▸ **Study material**
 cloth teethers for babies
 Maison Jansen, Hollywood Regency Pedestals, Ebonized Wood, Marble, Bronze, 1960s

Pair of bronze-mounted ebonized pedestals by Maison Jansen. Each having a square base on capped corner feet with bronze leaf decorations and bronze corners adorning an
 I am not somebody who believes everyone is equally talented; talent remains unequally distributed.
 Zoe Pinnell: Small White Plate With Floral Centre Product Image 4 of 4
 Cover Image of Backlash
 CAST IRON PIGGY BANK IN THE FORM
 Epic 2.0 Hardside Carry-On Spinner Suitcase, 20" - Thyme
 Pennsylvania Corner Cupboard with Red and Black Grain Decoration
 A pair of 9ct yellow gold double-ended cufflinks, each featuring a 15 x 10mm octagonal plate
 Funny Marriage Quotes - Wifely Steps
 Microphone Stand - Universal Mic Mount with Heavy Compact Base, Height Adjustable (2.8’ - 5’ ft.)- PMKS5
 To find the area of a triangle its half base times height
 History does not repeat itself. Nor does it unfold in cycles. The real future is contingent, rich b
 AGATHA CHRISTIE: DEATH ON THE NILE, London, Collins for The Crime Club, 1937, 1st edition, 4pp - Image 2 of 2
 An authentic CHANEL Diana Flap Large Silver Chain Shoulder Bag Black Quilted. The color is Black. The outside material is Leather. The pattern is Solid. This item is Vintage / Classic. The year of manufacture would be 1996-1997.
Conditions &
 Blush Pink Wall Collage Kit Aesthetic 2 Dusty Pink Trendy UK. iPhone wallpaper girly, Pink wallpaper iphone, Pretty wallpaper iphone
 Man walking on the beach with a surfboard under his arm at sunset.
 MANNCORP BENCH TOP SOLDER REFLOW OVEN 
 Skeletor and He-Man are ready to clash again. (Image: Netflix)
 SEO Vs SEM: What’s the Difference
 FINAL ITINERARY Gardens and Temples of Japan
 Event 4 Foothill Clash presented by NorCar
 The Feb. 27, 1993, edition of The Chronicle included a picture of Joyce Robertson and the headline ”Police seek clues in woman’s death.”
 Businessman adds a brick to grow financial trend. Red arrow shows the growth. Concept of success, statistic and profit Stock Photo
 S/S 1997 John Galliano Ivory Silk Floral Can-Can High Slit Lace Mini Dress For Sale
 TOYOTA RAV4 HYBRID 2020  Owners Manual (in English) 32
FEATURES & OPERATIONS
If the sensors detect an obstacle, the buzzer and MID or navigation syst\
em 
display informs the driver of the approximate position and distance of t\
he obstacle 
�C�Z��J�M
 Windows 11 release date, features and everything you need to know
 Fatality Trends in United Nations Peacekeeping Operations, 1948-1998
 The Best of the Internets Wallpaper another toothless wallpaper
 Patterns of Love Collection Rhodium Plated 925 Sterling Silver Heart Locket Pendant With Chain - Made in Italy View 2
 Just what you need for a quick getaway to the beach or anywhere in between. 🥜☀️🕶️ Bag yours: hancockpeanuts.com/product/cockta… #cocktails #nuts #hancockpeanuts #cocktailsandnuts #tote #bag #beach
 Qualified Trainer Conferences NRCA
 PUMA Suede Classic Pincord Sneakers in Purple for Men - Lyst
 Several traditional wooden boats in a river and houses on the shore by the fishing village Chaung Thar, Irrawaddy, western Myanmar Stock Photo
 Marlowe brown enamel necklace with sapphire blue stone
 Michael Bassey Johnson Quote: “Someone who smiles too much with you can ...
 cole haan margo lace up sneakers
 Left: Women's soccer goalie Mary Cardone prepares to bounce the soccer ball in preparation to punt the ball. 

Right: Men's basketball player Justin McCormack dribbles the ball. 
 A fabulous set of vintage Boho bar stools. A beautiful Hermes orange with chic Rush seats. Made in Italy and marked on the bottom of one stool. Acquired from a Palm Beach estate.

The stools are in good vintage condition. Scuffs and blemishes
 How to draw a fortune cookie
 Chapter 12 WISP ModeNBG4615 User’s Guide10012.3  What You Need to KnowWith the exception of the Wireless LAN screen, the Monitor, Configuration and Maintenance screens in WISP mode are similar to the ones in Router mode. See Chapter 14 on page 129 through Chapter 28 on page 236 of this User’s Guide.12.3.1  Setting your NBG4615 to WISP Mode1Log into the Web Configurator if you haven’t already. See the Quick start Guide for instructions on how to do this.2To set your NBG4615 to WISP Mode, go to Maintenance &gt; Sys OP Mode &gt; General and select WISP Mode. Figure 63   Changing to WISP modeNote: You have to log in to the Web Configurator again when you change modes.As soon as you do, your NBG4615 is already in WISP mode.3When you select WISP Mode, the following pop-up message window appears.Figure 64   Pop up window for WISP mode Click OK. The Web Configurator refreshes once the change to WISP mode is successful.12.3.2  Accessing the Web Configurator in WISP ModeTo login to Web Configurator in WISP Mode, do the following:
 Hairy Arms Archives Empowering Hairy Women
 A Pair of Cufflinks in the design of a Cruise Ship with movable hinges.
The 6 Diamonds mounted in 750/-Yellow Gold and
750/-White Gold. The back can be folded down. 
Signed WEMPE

▸ **Description of the task**
Scan the records above for the lines holding "History does not" and "AGATHA CHRISTIE: DEATH". Transcribe those two and every line between them word for word, and no others.

▸ **Answer box**
 History does not repeat itself. Nor does it unfold in cycles. The real future is contingent, rich b
 AGATHA CHRISTIE: DEATH ON THE NILE, London, Collins for The Crime Club, 1937, 1st edition, 4pp - Image 2 of 2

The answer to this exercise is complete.